This class is a unique one: a history class that meets the IT requirements for the Mason Core. It’s not like any class you’ve taken before, mostly likely. In it, you’ll be stretched and you may be confused at times, but by the end you’ll come out with knowledge and skills you didn’t expect.
What is this class going to be like?
This semester, this class will be fully online. I chose to make it online and asynchronous for a few reasons. First, I don’t believe we can operate safely in a large class on campus this semester. That’s just the reality. So that’s why we’re online. We’re asynchronous because I believe that it’s not possible to replicate the in-class experience merely by meeting on Zoom (this is your first lesson about digital technology). So instead of trying to use Zoom as a substitute for an in-person class, I’ve designed a whole new asynchronous class for you. You’ll be doing individual work, but you’ll also have a chance to build community with me and your classmates in different ways than you might in person.
I hope that we’ll embrace these differences, rather than chafe against them. Things are different now. They may be different for the rest of your college career. Maybe the old ways aren’t gone forever, but this semester we can create new paths for learning and community that can enrich your experience going forward, no matter what that experience looks like.
But this kind of teaching and learning is new! It might not be new for you, but it is new for me, your professor. So we may do some things that absolutely flop. That’s ok. We’ll learn from our mistakes, correct course, and carry on.
The biggest challenge in asynchronous classes is that students have to be intrinsically motivated to do all the activities. You won’t have the watchful eye of your teacher staring balefully at you (just kidding, I don’t do that even face-to-face) during class to encourage you to get involved. You’re going to have to WANT to get involved. I’ve tried to help you by making the class activities meaningful and even fun, but there will likely be some that you don’t see the value of or that seem silly to you. I’d ask that you just do them anyway, if you can.
What is this class about, anyway?
This class is called “The Digital Past,” and we will be learning about the past and the digital, but mostly not about the past of the digital. Instead, we’re focusing on a particular historical topic—War in the Antebellum United States—and seeing how digital tools and technologies can help us understand this topic and others.
In this class, you will:
- Create digital history on the Internet.
- Evaluate how technology shapes and is shaped by our understanding of the past.
- Analyze how war affected the antebellum United States.
Because it is a Mason Core IT course, this course will also meet the following learning outcomes:
- Students will understand the principles of information storage, exchange, security, and privacy and be aware of related ethical issues.
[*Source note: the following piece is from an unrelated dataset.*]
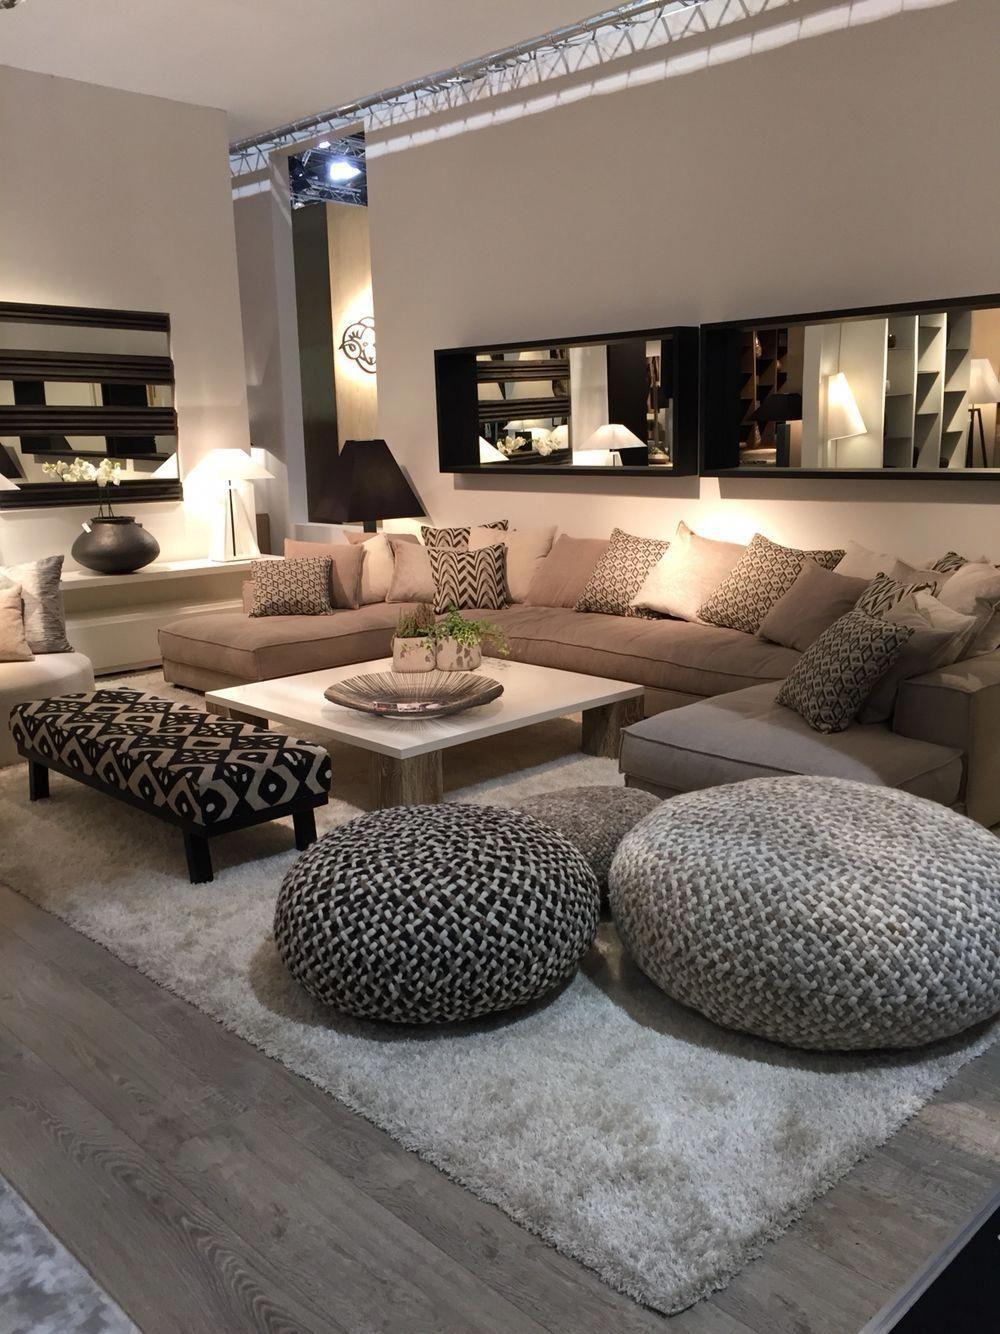 Home Decor Shopper - Living Room

- Students will become critical consumers of digital information; they will be capable of selecting and evaluating appropriate, relevant, and trustworthy sources of information.
- Students can use appropriate information and computing technologies to organize and analyze information and use it to guide decision-making.
- Students will be able to choose and apply appropriate algorithmic methods to solve a problem.
What materials do I need for this class?
There is no textbook for this class; all readings will be online. That said, you do need a few things.
- A personal website, set up through Reclaim Hosting, that includes WordPress (we’ll set this up during the first week of class); this will cost $30 for a calendar year
- A Gmail account. You’ll need this so we can do some collaborative work in Google Docs and Sheets. If you don’t already have a Gmail account, you can make one that’s solely for the purposes of this class and delete it afterward.
- A computer or computing device like a tablet that has an Internet connection. If you don’t have this, talk to me very very early in the semester.
- A way to create video or audio content (a phone, a computer, a tablet) that you can post for discussion
In this mid-covid world, I have clung to many many many people’s superior wisdom about teaching technology, teaching online, and teaching with compassion. In particular, my teaching philosophy and practice is informed by scholars such as Ryan Cordell, Cate Denial, Joshua Eyler, Kathleen Fitzpatrick, Kevin Gannon, and Mills Kelly; many others have offered sage advice on Twitter (including some that I should undoubtedly call out by name but I’ve forgotten them; if that’s you, I’m sorry and I do appreciate you). Thanks to Lindsay Passenger Wieck for being a constant sounding board for my more outlandish ideas; this course is better because of you. Thanks also the HIST390 instructors from this and past semesters, especially Katja Hering and Nate Sleeter. I’ve adapted the grading system in this course from Ryan Cordell.